For Fiat Chrysler, this is just the latest in a spate of recalls affecting other models, including a software issue that caused some Chrysler Pacifica minivans to stall unexpectedly, requiring drivers to turn off and restart the engines to resume driving. According to The New York Times, some drivers reported experiencing stalls in intersections or on highways. Chrysler conducted a full recall of the affected models.

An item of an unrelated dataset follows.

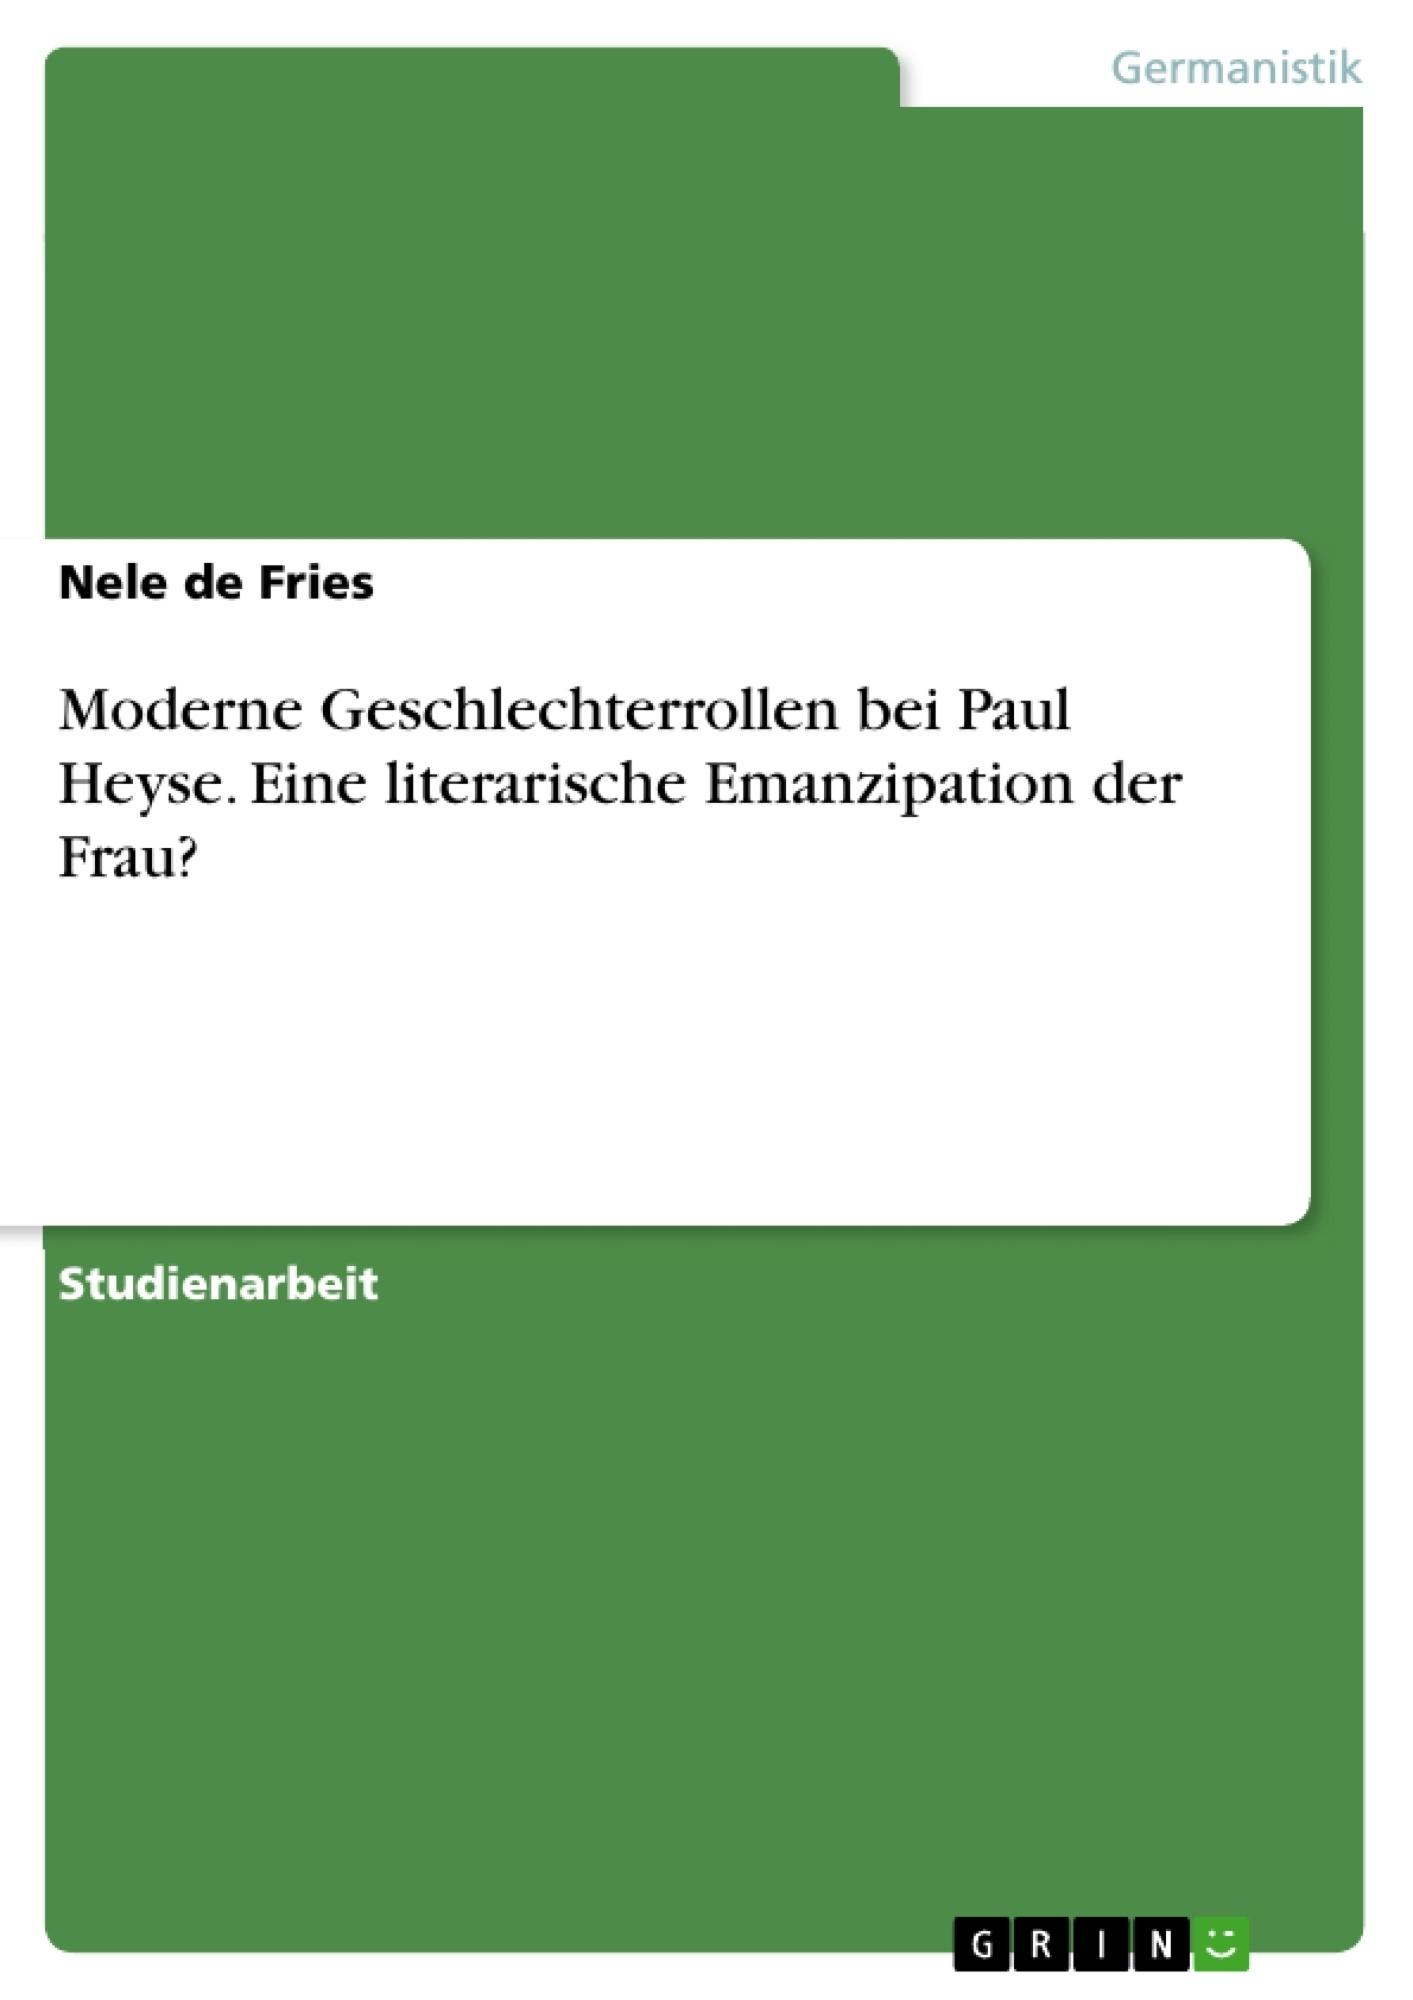 Titel: Moderne Geschlechterrollen bei Paul Heyse. Eine literarische Emanzipation der Frau?
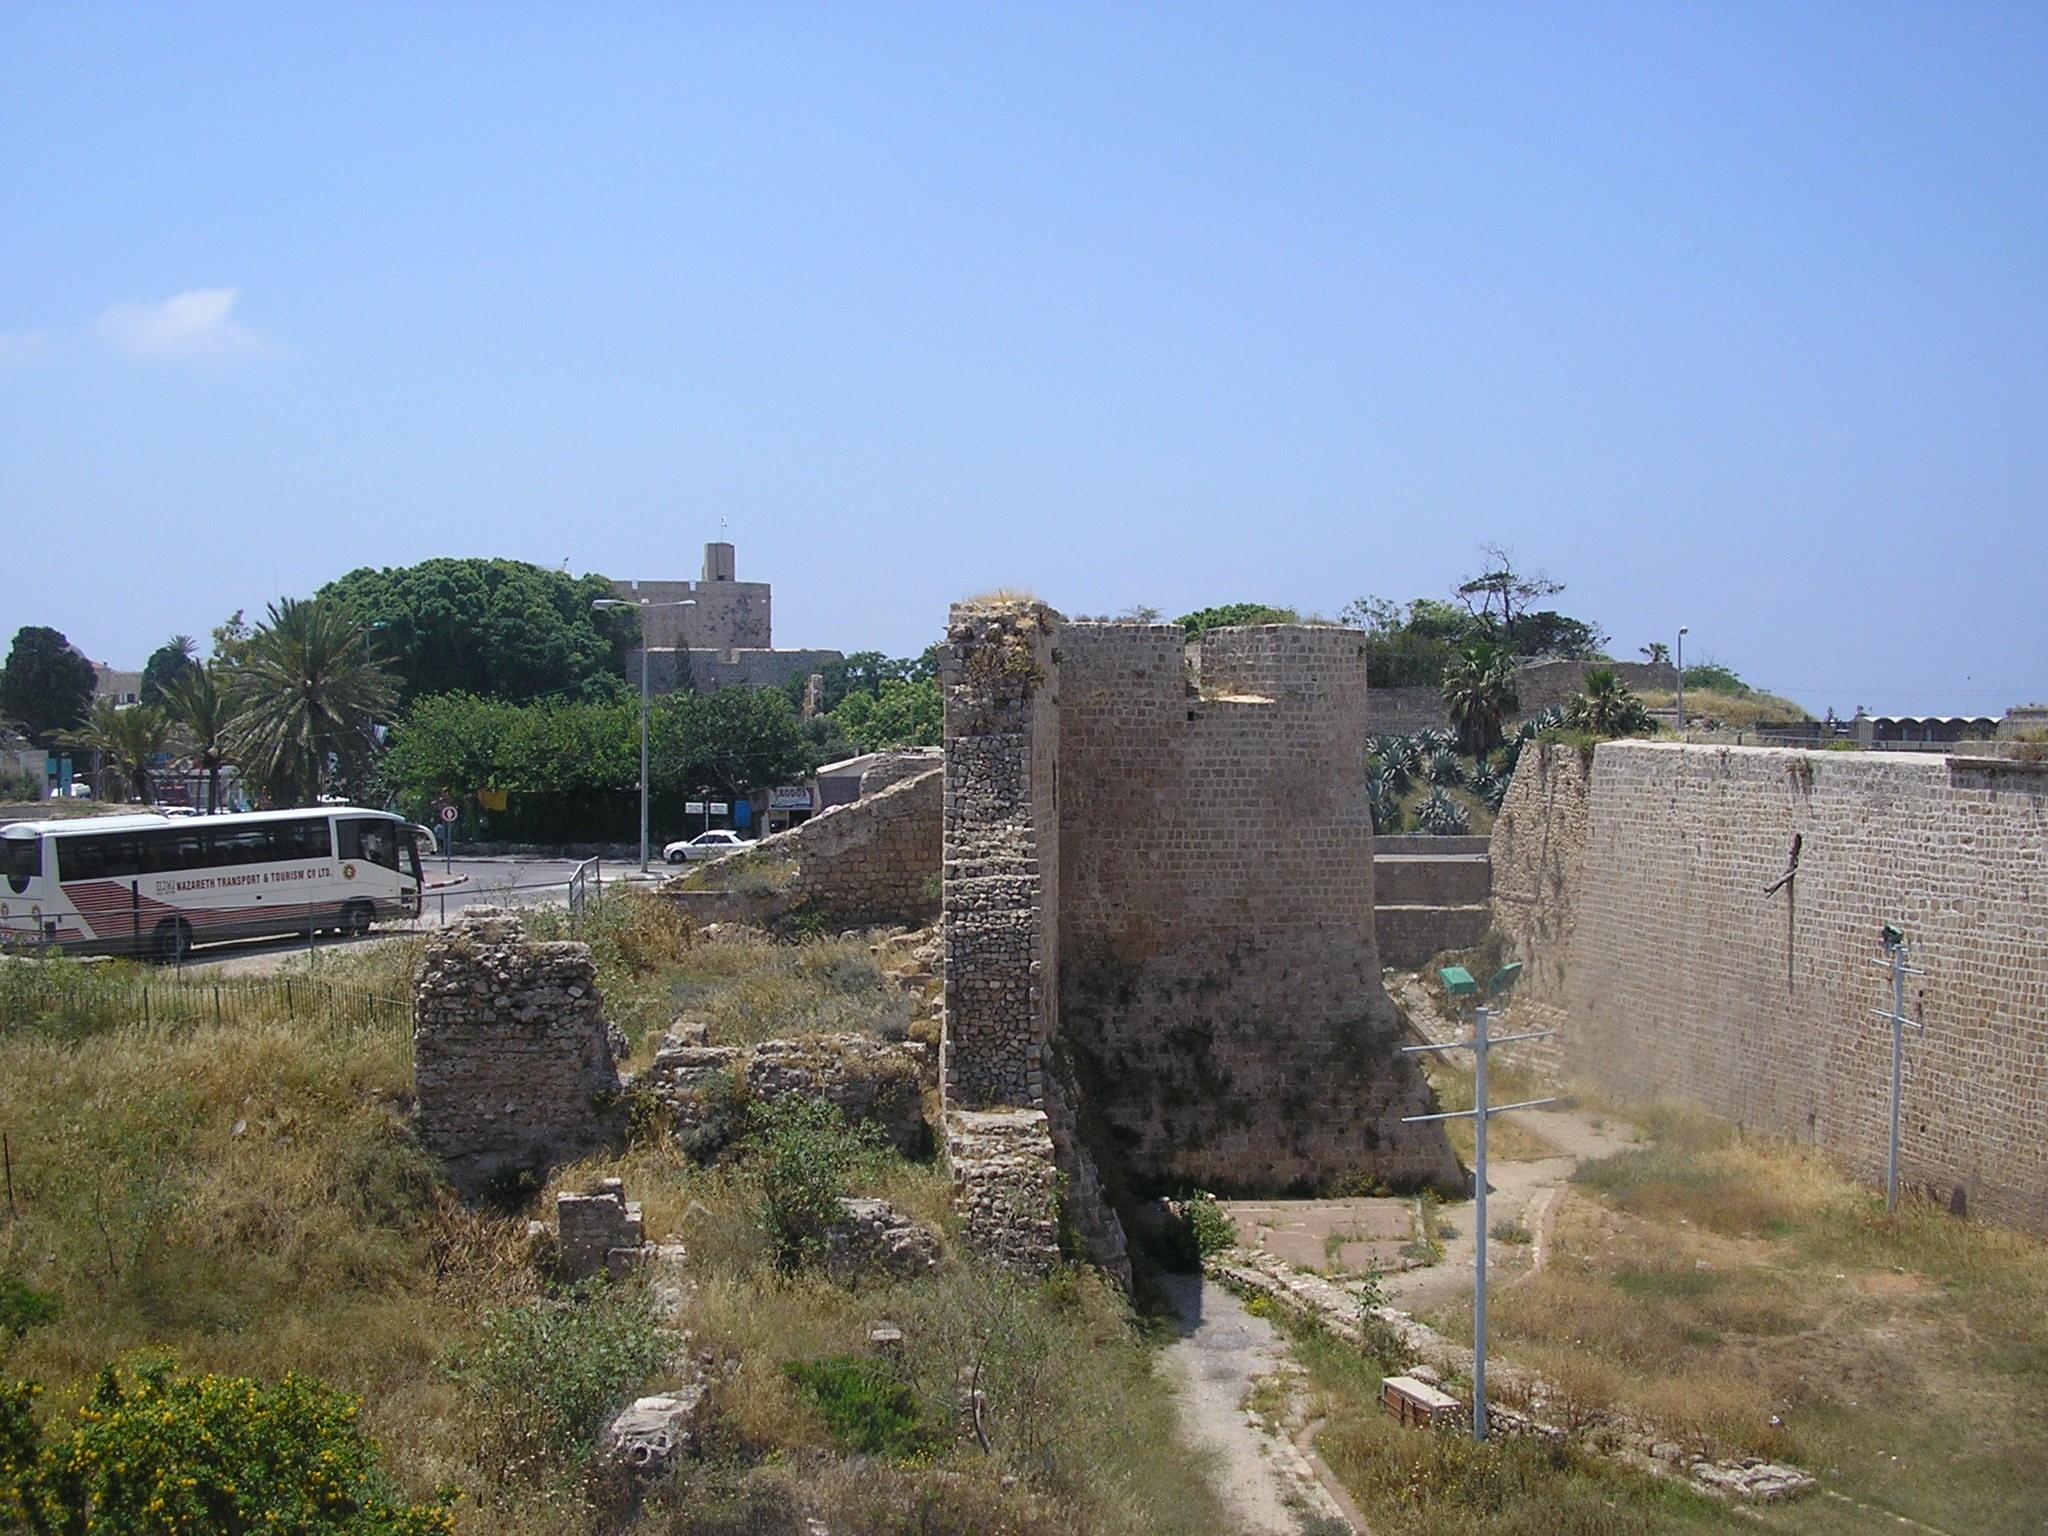 שרידי חומת דאהר אל-עומר משמאל וחומת אל-ג'זאר מימין. ברקע מצודת עכו ומשמאל נראית ה

Earlier this month, Consumer Reports declined to recommend Tesla’s new, highly anticipated Model 3 sedan (there were more than 400,000 preorders) because of a software defect. The magazine’s review found a serious safety hazard in testing: The Model 3 took longer to come to a complete stop than any other car on the market. But within a few days, Tesla had rolled out a software update that addressed the problem with the braking system, and Consumer Reports changed its mind and recommended the model.
Consumer Reports’ director of automotive testing, Jake Fisher, told CNBC that he’s never seen a car company fix a major performance problem this fast. This really is an industry first, he said, not only because of the speed at which Tesla released the update but also because of the manner in which it was released. While the Fiat Chrysler recalls required drivers to visit a dealership to get the update, Tesla’s was pushed over the air (OTA).
Modern vehicles run on millions of lines of code that control everything from the stereo and display to the brakes and steering. As Consumer Reports points out, when automakers start pushing OTA updates, any failure could be just as dangerous as if a mechanic made a faulty repair — except that it might affect thousands of vehicles simultaneously. Both GM and Ford have said that by 2020, their new models will be able to accept OTA updates.
These incidents, and the rapid pace at which automotive technology is advancing, highlight the critical importance of software testing for automakers. As software assumes control over an increasing number of critical functions, and as consumer demand for connected cars increases, the potential for software-related defects will broaden at pace. Understanding the risks that increasing connectivity causes – and taking steps to prevent them – will become critical to automakers’ success. Stringent QA will be a non-negotiable for these companies, both to ensure safety and functionality and to preserve their images in the public eye. Last week, we saw just how tenuous the latter can be: Just hours after last week’s Fiat Chrysler recall, shares had already dropped 2 percent.
According to Frost & Sullivan, automotive companies will spend more than $80 billion on IT by 2020, more than doubling the industry’s IT spend five years ago. The researcher says that new business models, growing digitization, increasing automation and a focus on end-to-end security are driving the increase.
The growth is impressive, but even so, it’s clear we’re just scratching the surface of software’s far-reaching impact on the automotive industry. Yesterday, The Verge reported that Google’s self-driving car unit, Waymo, put in an order for 62,000 Chrysler Pacifica minivans. Let’s all hope they’ve got a really solid QA process.